Fiscal incentives aim to create conducive environments for businesses by providing a transparent and suitable tax regime. The objective is to stimulate economic growth, private sector development, and generate employment. As quoted in a local newspaper, Business Bhutan (15 April 2017): “The scope of the new fiscal incentives is broader than the Fiscal Incentives 2010, as the incentives cover businesses apart from the sectors identified under the EDP.”
Fiscal incentives are also intended to cut down the cost of production and increase the competitiveness of products, both within the country and also in the international markets. The incentive is expected to act as a stimulant to attract investments, which would also create jobs for youths and skills development.
The 2017 EDP has learnt from the experiences of 2010 EDP and has come up with game changers, and focuses mainly on the five jewels — hydropower, mining, tourism, agriculture and CSIs. Likewise, the Fiscal Incentives 2017 has been geared towards supporting these five jewels broadly.
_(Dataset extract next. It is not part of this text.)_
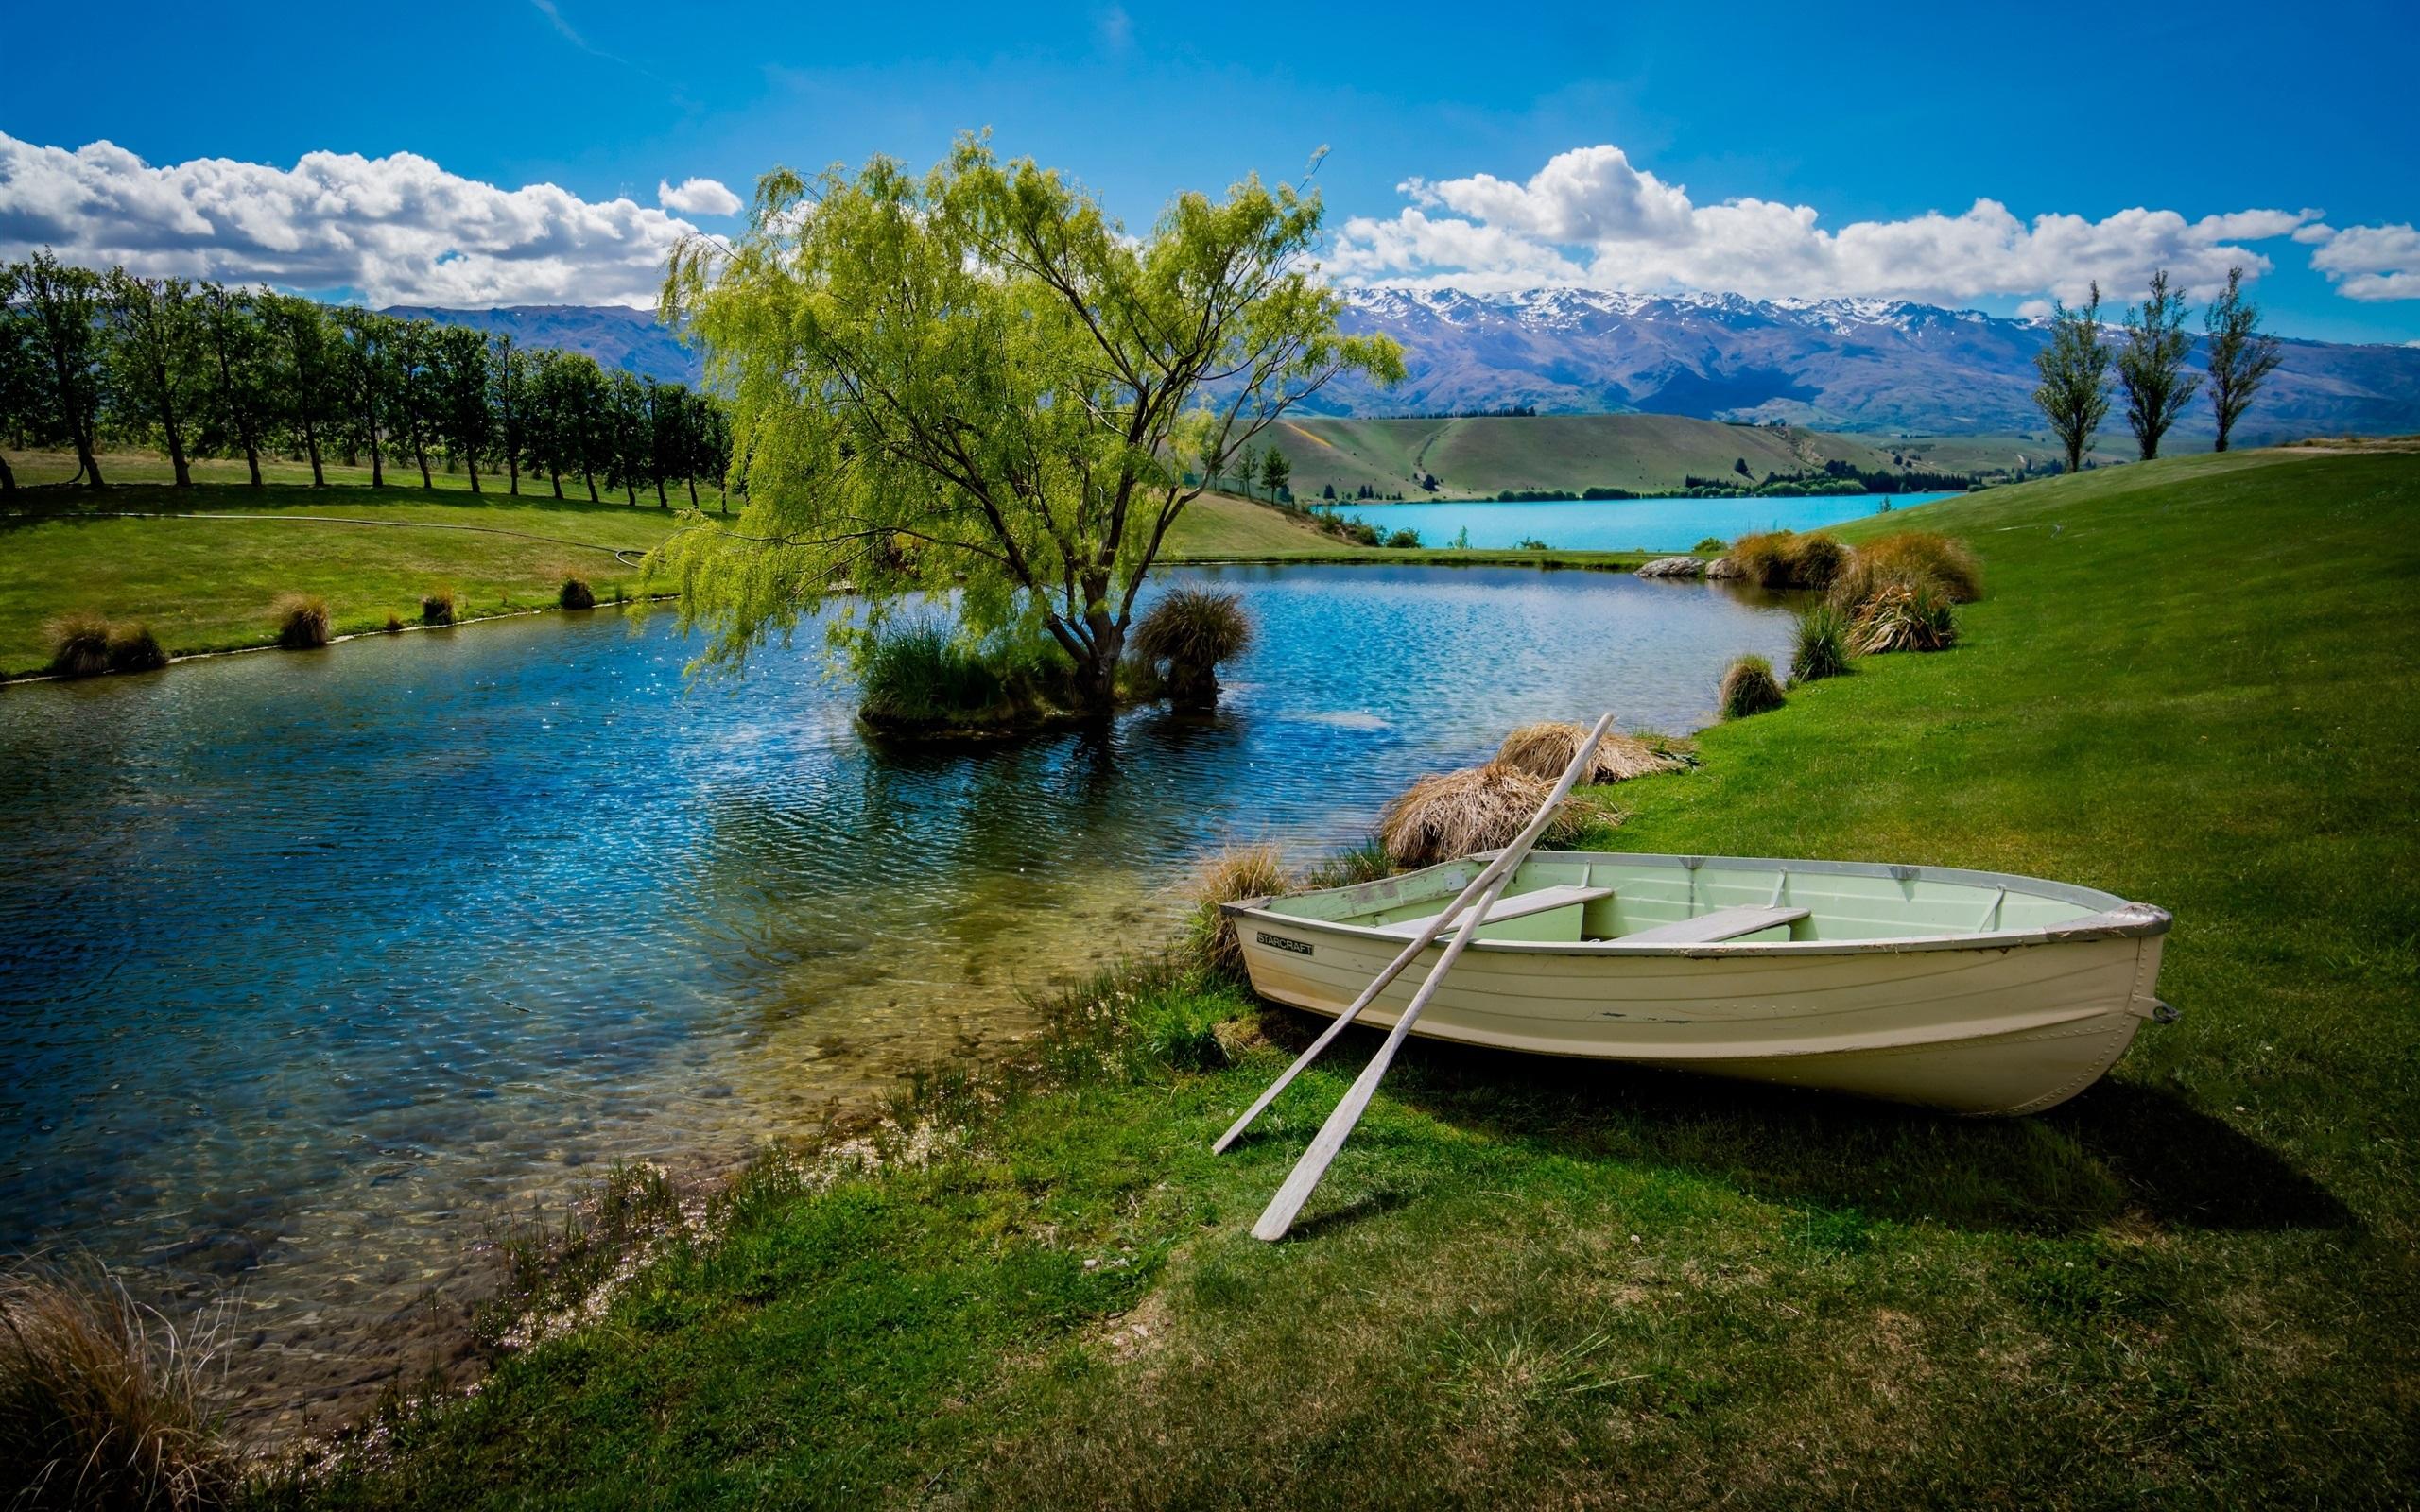 Открытка лодка на реке, картинки спорте девушки

However, fiscal incentives come with a revenue cost. Table 1 below shows the summary of total taxes forgone under Fiscal Incentives by “major sectors and tax type” for the period January 2008 to February 2018.
|Table 1: Summary of total taxes forgone under Fiscal Incentives by “major sectors and tax type” for the period Jan 2008 to Feb 2018 (Amount in Nu. million)|
|Sl No||Major Sectors||No of beneficiaries||Income Tax (IT)||Sales Tax (ST)||Customs Duty (CD)||Total|
|6||Tourism (Travel Agent)||79||0.00||6.33||22.55||28.88|
|9||Film and Media||20||3.05||0.82||1.52||5.39|
Source: Ministry of Finance, Thimphu website.
The details of tax forgone can be viewed as per the link http://www.mof. gov.bt/news/fiscal-incentive-and-tax-forgone-from-2008-to-2018-04-apr-2018/
Revenue forgone from fiscal incentives should be quantified against expected benefits and reported. Where the benefits cannot be quantified, qualitative factors could be considered. The objective of the fiscal incentives is to satisfactorily meet our goals of attracting investors, fostering economic growth and creating much needed employment within the country, rather than serving a few individuals.